◆ **Exercise objective**:
For this listing, the lines between the one holding "216 W. Washington St., Ann Arbor" and the one holding "7 Things to", inclusive, must be set down exactly.

◆ **Dataset extract**:

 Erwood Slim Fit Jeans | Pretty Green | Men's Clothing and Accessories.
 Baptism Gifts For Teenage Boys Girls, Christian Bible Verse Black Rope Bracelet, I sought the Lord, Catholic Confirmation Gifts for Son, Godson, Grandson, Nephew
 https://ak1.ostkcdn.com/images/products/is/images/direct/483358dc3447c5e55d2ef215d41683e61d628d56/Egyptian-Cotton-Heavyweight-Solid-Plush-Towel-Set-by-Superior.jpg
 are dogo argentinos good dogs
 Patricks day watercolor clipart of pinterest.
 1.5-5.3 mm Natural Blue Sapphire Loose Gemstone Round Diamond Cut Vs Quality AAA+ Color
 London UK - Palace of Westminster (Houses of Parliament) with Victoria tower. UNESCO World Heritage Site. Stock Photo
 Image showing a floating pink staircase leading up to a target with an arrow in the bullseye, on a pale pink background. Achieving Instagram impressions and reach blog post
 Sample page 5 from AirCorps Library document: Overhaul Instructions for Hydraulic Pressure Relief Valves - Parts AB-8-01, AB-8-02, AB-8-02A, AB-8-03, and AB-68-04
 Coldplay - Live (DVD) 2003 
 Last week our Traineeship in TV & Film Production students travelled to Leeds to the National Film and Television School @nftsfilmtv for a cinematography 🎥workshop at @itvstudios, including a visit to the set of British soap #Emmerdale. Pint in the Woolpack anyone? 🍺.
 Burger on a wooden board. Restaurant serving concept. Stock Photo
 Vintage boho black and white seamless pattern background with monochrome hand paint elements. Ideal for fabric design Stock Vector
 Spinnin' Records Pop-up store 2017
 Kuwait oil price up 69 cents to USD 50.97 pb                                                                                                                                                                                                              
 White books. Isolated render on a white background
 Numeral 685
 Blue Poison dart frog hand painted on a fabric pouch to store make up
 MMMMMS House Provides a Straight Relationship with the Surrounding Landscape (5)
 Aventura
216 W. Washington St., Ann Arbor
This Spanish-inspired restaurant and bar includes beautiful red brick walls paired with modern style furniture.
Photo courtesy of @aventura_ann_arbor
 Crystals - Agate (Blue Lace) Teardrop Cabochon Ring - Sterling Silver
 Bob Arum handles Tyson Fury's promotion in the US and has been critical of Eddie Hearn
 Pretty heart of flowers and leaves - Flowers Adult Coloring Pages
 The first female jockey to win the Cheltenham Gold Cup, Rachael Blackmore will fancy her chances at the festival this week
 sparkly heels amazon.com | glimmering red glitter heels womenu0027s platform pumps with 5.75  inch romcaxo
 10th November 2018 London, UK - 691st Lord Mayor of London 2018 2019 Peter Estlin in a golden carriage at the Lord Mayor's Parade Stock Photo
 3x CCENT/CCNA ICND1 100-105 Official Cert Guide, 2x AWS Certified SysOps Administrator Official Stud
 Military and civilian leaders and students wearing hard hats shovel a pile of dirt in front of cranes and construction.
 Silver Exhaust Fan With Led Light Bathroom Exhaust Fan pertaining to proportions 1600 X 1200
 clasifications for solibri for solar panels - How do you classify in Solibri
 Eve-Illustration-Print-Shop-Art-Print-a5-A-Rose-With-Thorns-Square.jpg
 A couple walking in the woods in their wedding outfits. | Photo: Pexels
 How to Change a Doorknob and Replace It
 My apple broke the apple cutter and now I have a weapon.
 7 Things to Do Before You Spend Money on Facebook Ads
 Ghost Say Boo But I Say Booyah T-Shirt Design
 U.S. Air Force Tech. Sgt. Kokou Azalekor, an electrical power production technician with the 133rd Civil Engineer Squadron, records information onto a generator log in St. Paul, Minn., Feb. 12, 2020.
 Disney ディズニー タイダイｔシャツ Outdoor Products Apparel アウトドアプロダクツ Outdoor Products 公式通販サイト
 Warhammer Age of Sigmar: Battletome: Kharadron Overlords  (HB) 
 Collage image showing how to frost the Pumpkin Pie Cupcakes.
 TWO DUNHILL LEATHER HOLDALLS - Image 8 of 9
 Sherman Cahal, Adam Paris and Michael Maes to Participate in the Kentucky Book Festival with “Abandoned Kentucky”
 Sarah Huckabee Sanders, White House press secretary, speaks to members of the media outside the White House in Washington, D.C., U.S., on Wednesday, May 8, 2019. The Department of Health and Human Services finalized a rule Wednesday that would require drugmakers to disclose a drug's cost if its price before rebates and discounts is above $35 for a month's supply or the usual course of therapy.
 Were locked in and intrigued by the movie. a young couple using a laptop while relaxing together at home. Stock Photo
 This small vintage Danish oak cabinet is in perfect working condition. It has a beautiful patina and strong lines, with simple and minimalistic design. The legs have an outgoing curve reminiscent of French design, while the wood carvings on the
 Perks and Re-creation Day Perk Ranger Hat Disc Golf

◆ **Answer to the exercise**:
216 W. Washington St., Ann Arbor
This Spanish-inspired restaurant and bar includes beautiful red brick walls paired with modern style furniture.
Photo courtesy of @aventura_ann_arbor
 Crystals - Agate (Blue Lace) Teardrop Cabochon Ring - Sterling Silver
 Bob Arum handles Tyson Fury's promotion in the US and has been critical of Eddie Hearn
 Pretty heart of flowers and leaves - Flowers Adult Coloring Pages
 The first female jockey to win the Cheltenham Gold Cup, Rachael Blackmore will fancy her chances at the festival this week
 sparkly heels amazon.com | glimmering red glitter heels womenu0027s platform pumps with 5.75  inch romcaxo
 10th November 2018 London, UK - 691st Lord Mayor of London 2018 2019 Peter Estlin in a golden carriage at the Lord Mayor's Parade Stock Photo
 3x CCENT/CCNA ICND1 100-105 Official Cert Guide, 2x AWS Certified SysOps Administrator Official Stud
 Military and civilian leaders and students wearing hard hats shovel a pile of dirt in front of cranes and construction.
 Silver Exhaust Fan With Led Light Bathroom Exhaust Fan pertaining to proportions 1600 X 1200
 clasifications for solibri for solar panels - How do you classify in Solibri
 Eve-Illustration-Print-Shop-Art-Print-a5-A-Rose-With-Thorns-Square.jpg
 A couple walking in the woods in their wedding outfits. | Photo: Pexels
 How to Change a Doorknob and Replace It
 My apple broke the apple cutter and now I have a weapon.
 7 Things to Do Before You Spend Money on Facebook Ads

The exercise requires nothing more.